Segment Open
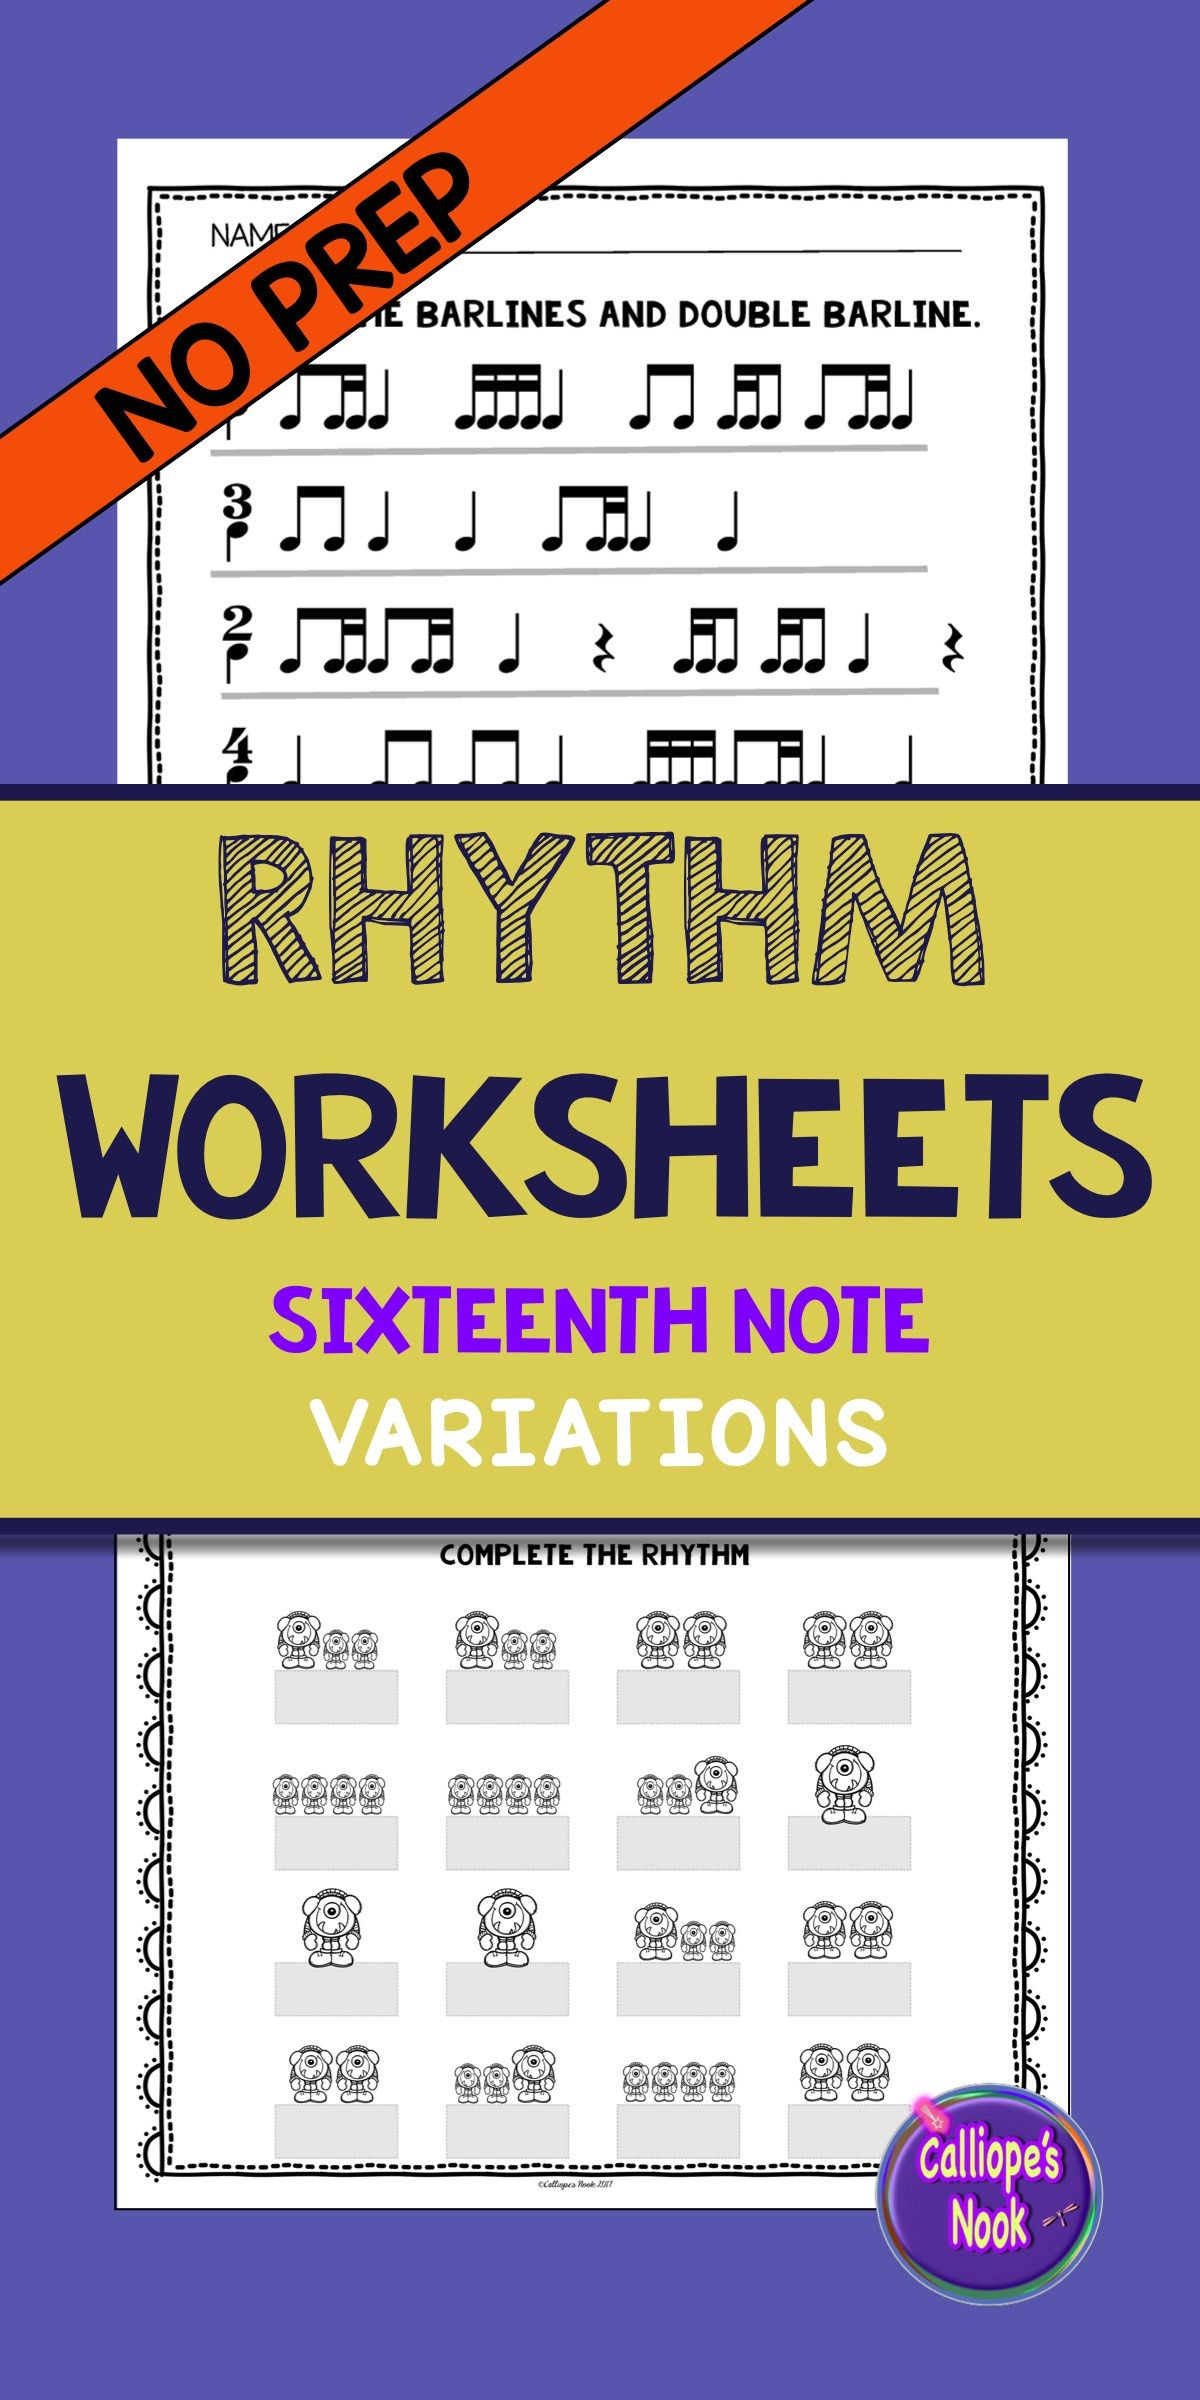 No Prep Rhythm Worksheets Sixteenth Note Variations Ti Tika Tika Ti
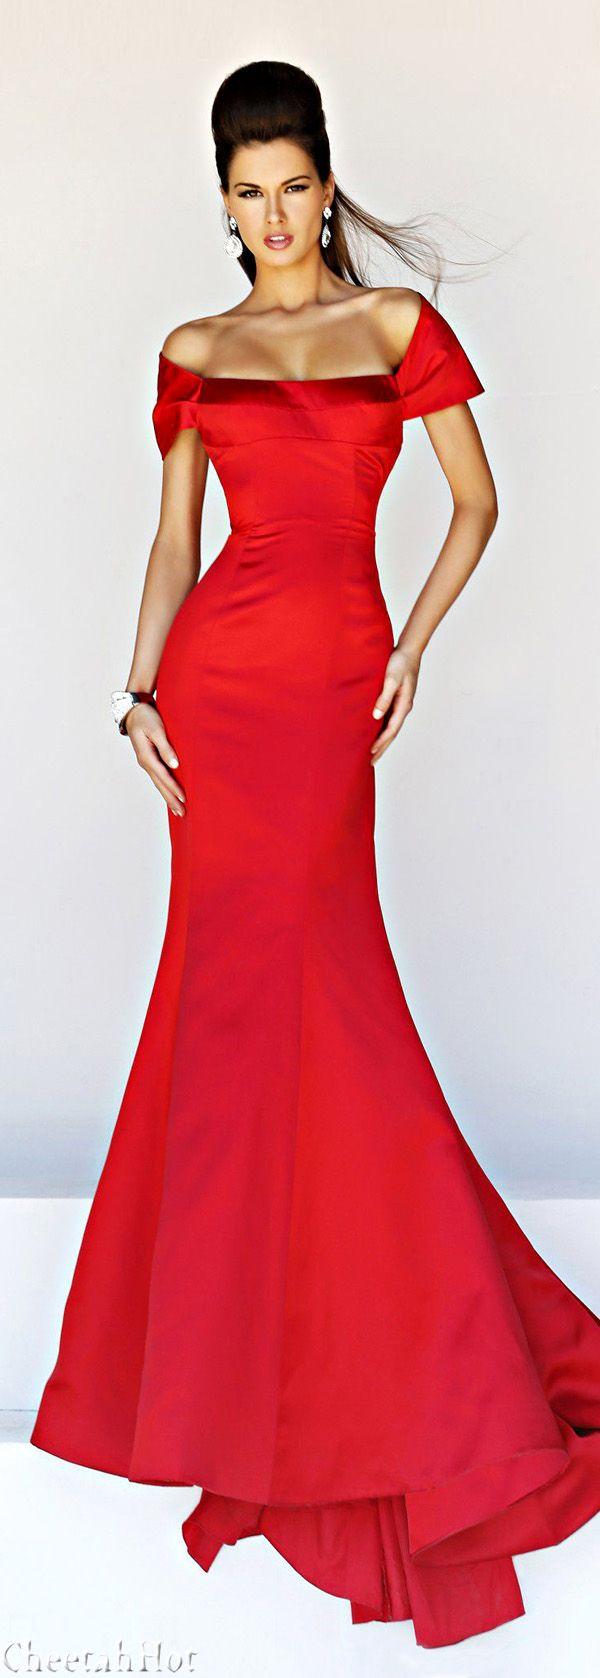 CheetahHot Style and Fashion Dresses.   Bond girl dress
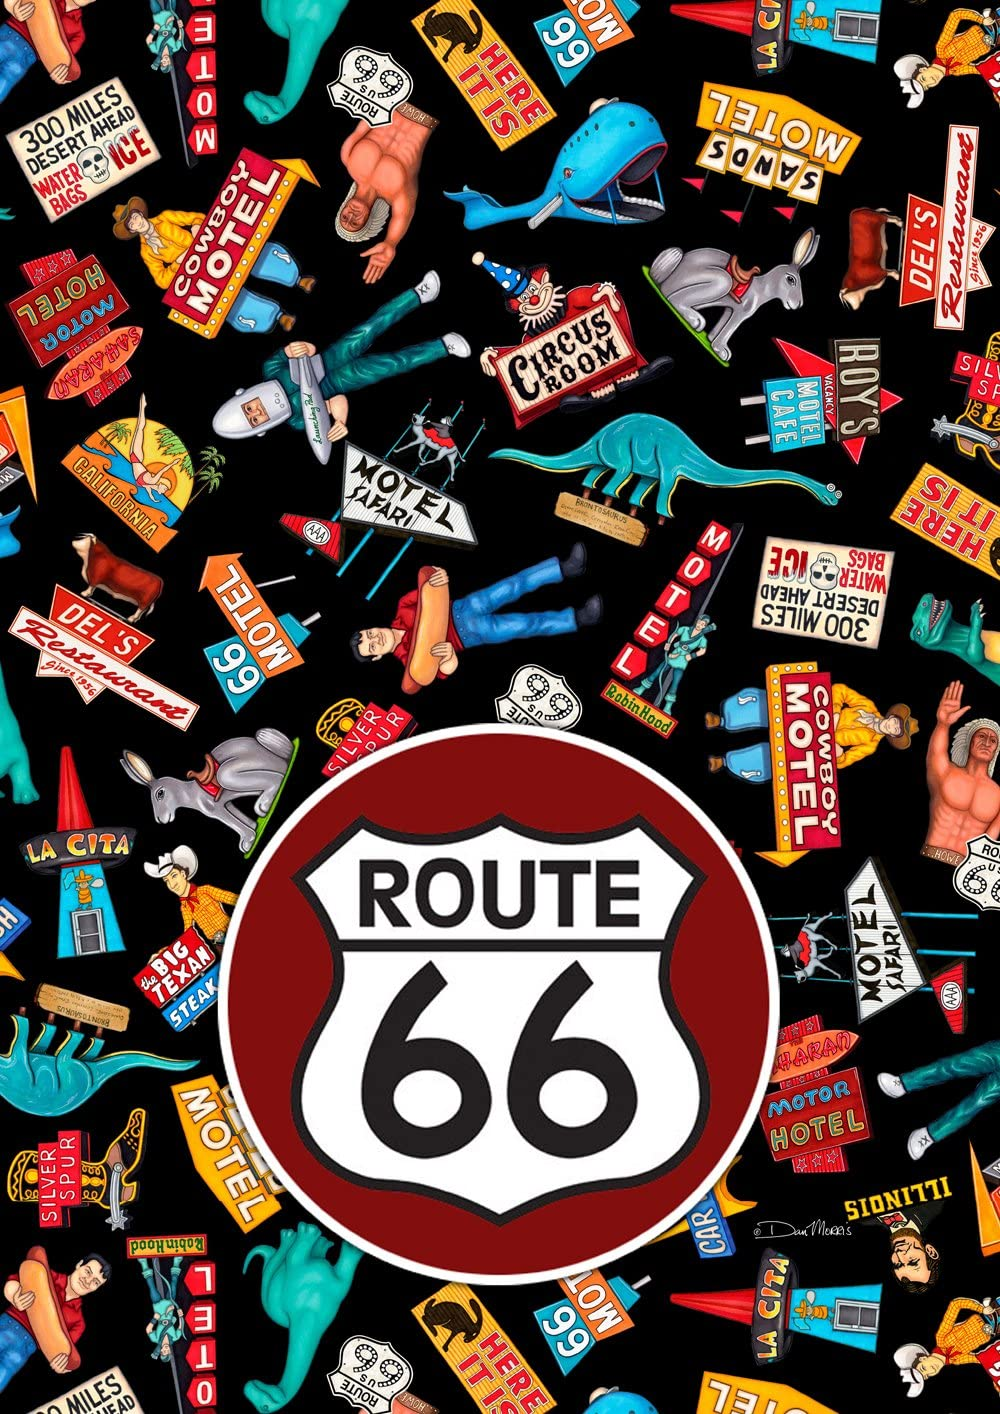 Toland Home Garden Kicks On 66 12.5 x 18 Inch Decorative Vintage Highway Route Motel Car Garden Flag
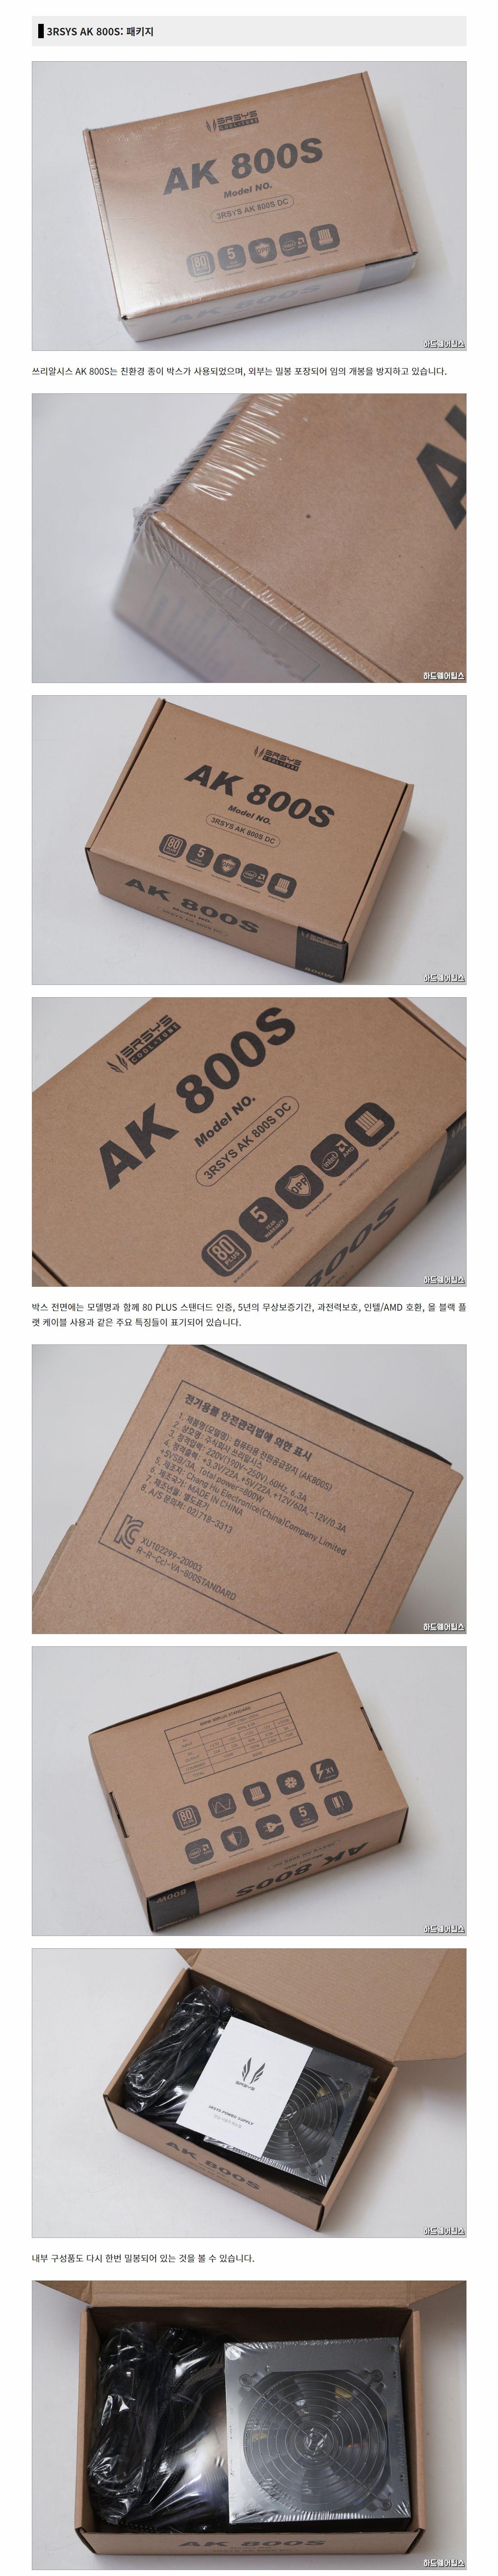 3- 3RSYS AK 800S 80 PLUS STANDARD 230V EU.jpg
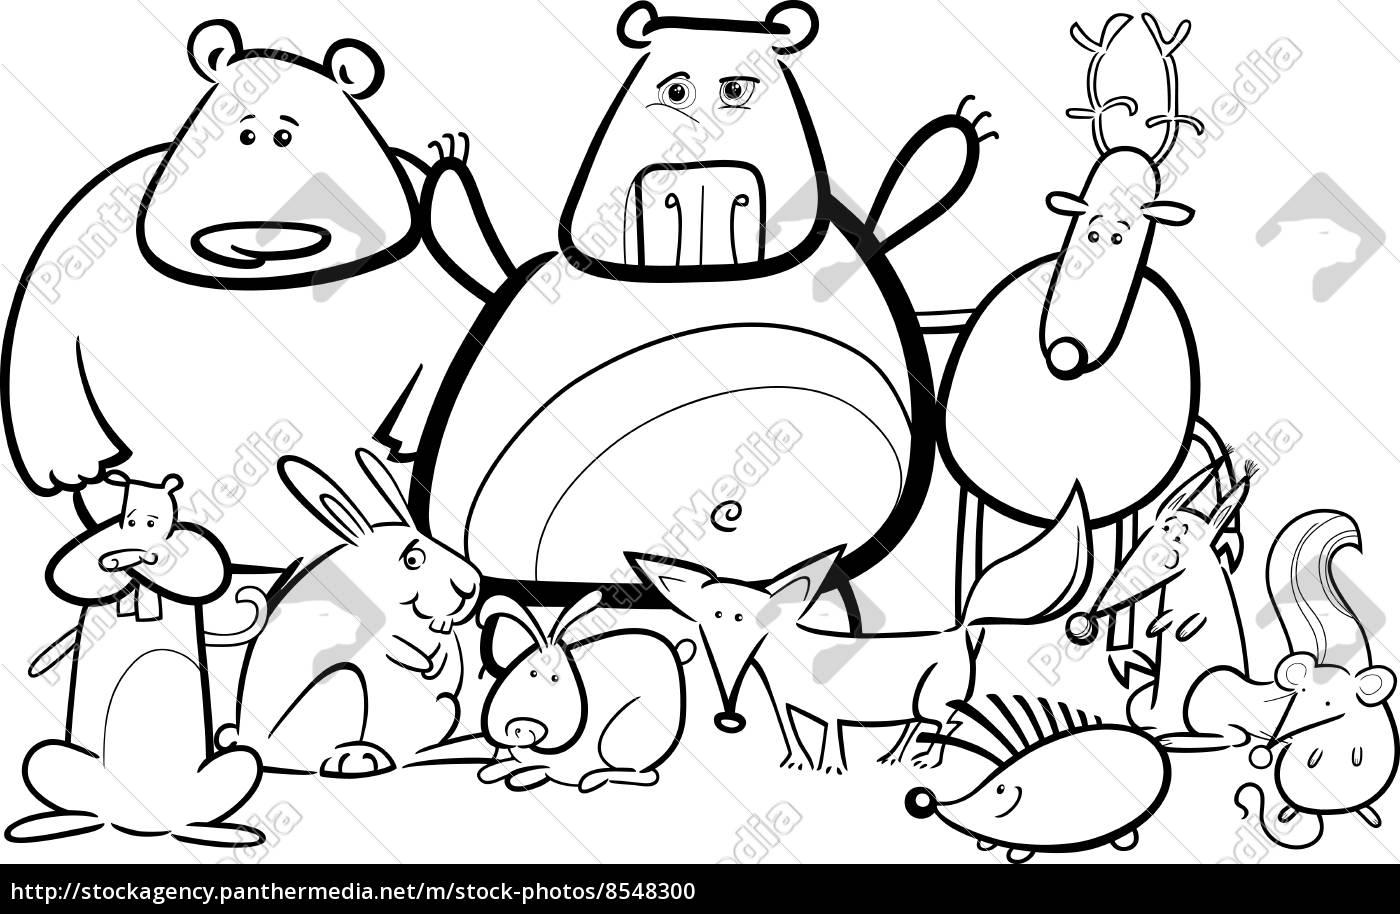 dibujo animado grupo de animales salvajes para colorear - Stockphoto ...
Segment Closed
Brief: Please print an exact copy of the records, with no pictures.

Output for this task:
 No Prep Rhythm Worksheets Sixteenth Note Variations Ti Tika Tika Ti
 CheetahHot Style and Fashion Dresses.   Bond girl dress
 Toland Home Garden Kicks On 66 12.5 x 18 Inch Decorative Vintage Highway Route Motel Car Garden Flag
 3- 3RSYS AK 800S 80 PLUS STANDARD 230V EU.jpg
 dibujo animado grupo de animales salvajes para colorear - Stockphoto ...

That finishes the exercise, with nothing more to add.